Narcisse

Fiche dév Ens Sup - Recherche
  • Création ou MAJ importante : 12/03/10
  • Correction mineure : 12/03/10
Mots-clés

Narcisse : navigateur de génomes comparés

Ce logiciel a été développé (ou est en cours de développement) dans la communauté de l'Enseignement Supérieur et de la Recherche. Son état peut être variable (cf champs ci-dessous) donc sans garantie de bon fonctionnement.

 

Fonctionnalités générales du logiciel

Narcisse est un outil de comparaison de génomes entièrement séquencés doté d’un navigateur permettant d’explorer à différentes échelles, des nucléotides aux chromosomes, les résultats de comparaison.

Il repose sur le principe de comparaison exhaustive de génomes deux-à-deux, à la fois au niveau nucléique et au niveau protéique. Cet outil a essentiellement deux composantes :

  1. Un pipeline de comparaison de génomes: à partir de génomes entièrement séquencés et de leurs annotations, il procède à l’identification de similitudes locales (alignements locaux à l’aide d’un outil spécifique développé par l’équipe) puis à la reconstruction de segments conservés à différents niveaux de résolution.
  2. Un navigateur de génomes comparés qui permet d’exploiter les différents niveaux de conservation identifiés par le processus décrit ci-dessus. Ce navigateur permet en particulier d’étudier aussi bien les conservations locales dans le voisinage des gènes que des conservations de segments chromosomiques. De nombreuses représentations sont proposées : dotplot, représentation de cartes comparées, représentation circos. La possibilité d’ajouter des données personnelles et de réaliser des comparaisons avec ses propres séquences permet d’adapter le navigateur à des besoins propres.

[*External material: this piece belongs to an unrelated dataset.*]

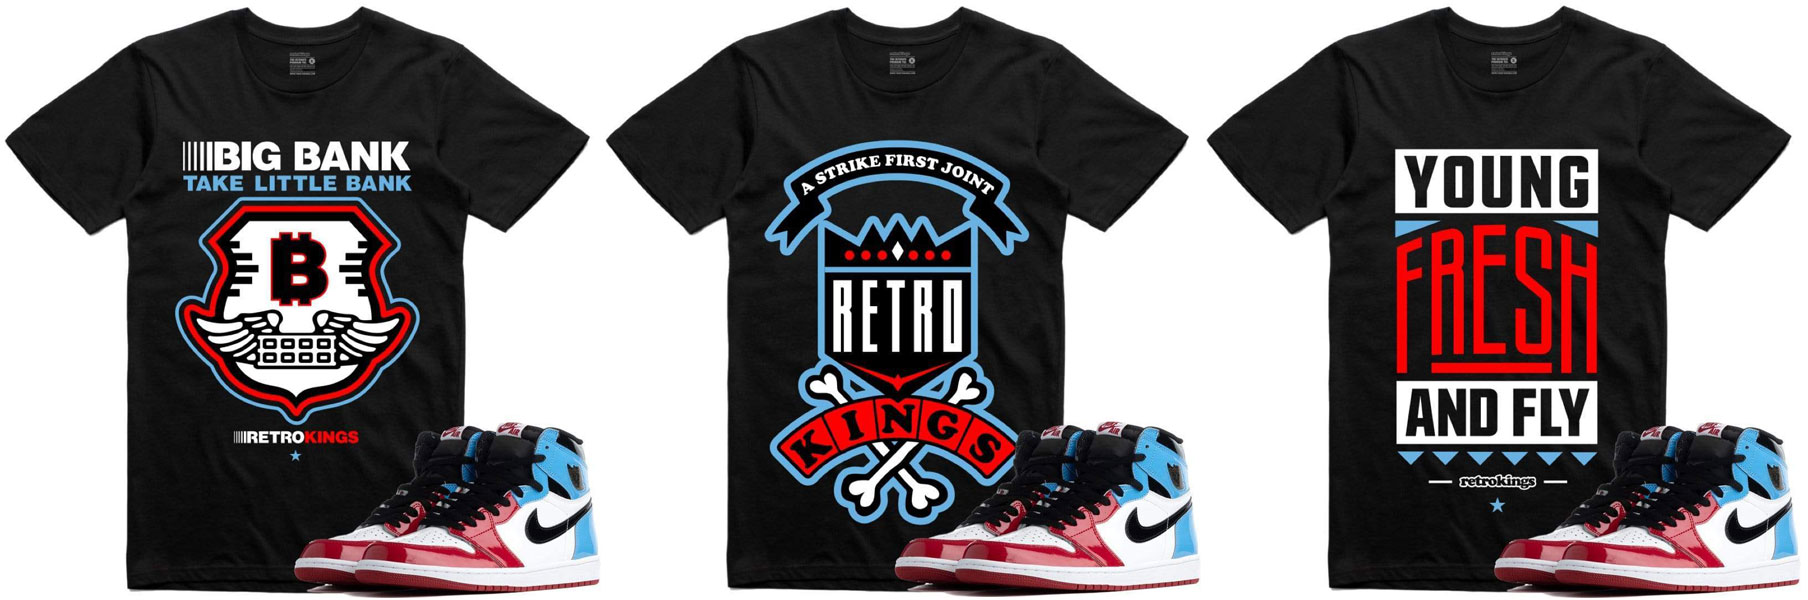 retro 1 fearless clothing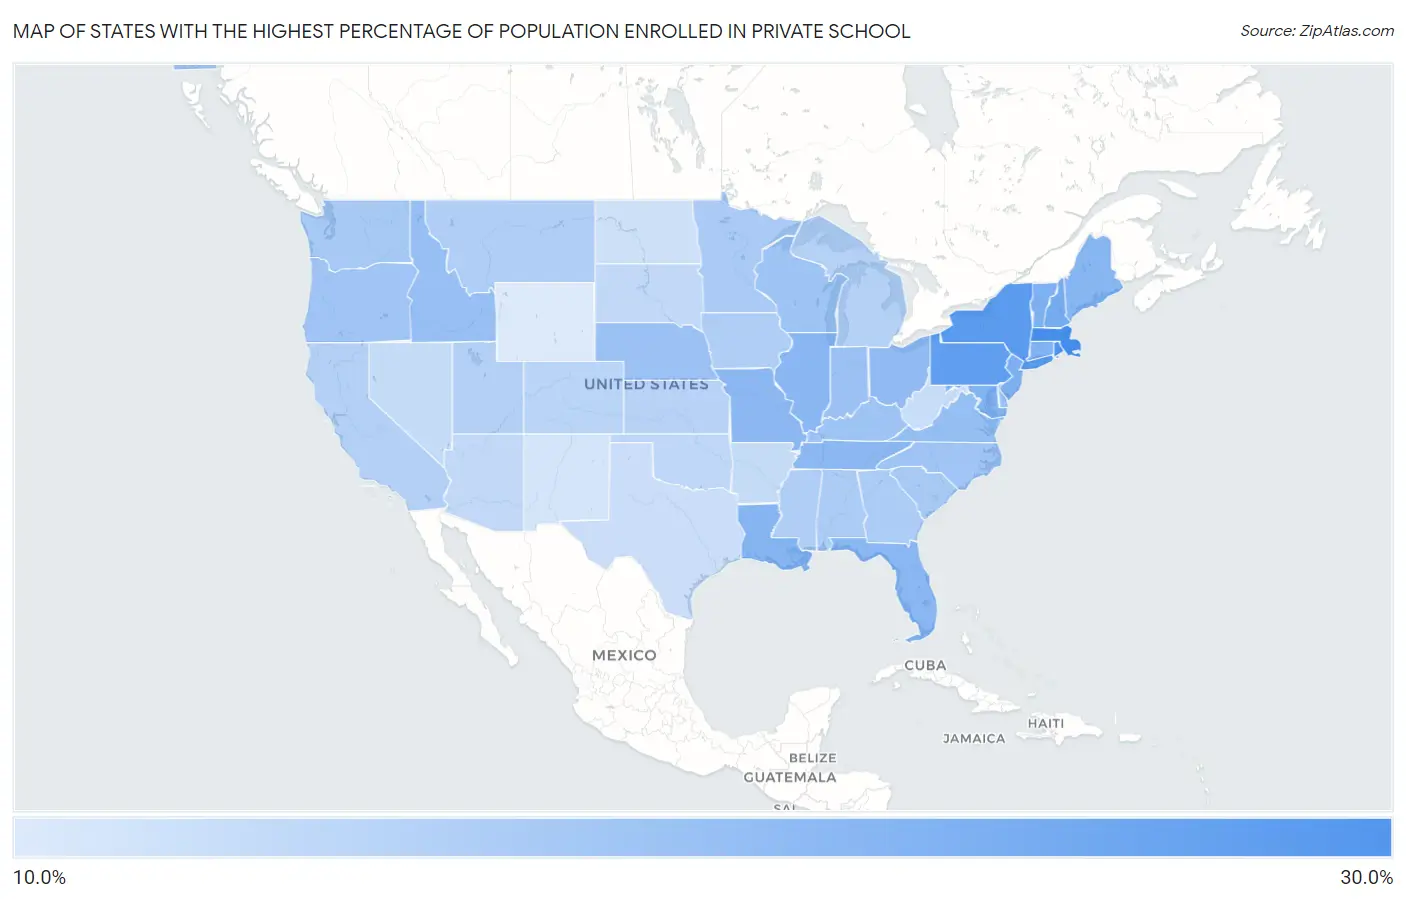 States with the Highest Percentage of Population Enrolled in Private School in the United States Map

Nous maintenons une installation donnant accès aux comparaisons de génomes animaux, végétaux, de champignons et aussi de bactéries, à partir des données publiques. Il est par ailleurs possible d'accéder à ces données par l'intermédiaire de services Web Biomoby.

Narcisse peut être téléchargé et installé localement afin de répondre à des besoins spécifiques. Une API, qui repose sur l’API d’Ensembl, permet d’accéder facilement aux données génomiques, tandis qu'une API développée spécialement permet quant à elle d'accéder aux données de comparaison.

Contexte d’utilisation du logiciel

Démarche d’exploration de génomes entièrement séquencés et annotés par une approche de génomique comparative.

Publications liées au logiciel

Courcelle E, Beausse Y, Letort S, Stahl O, Fremez R, Ngom-Bru C, Gouzy J, Faraut T (2008). Narcisse: a mirror view of conserved syntenies. Nucleic Acids Res 36(Database issue):D485-90.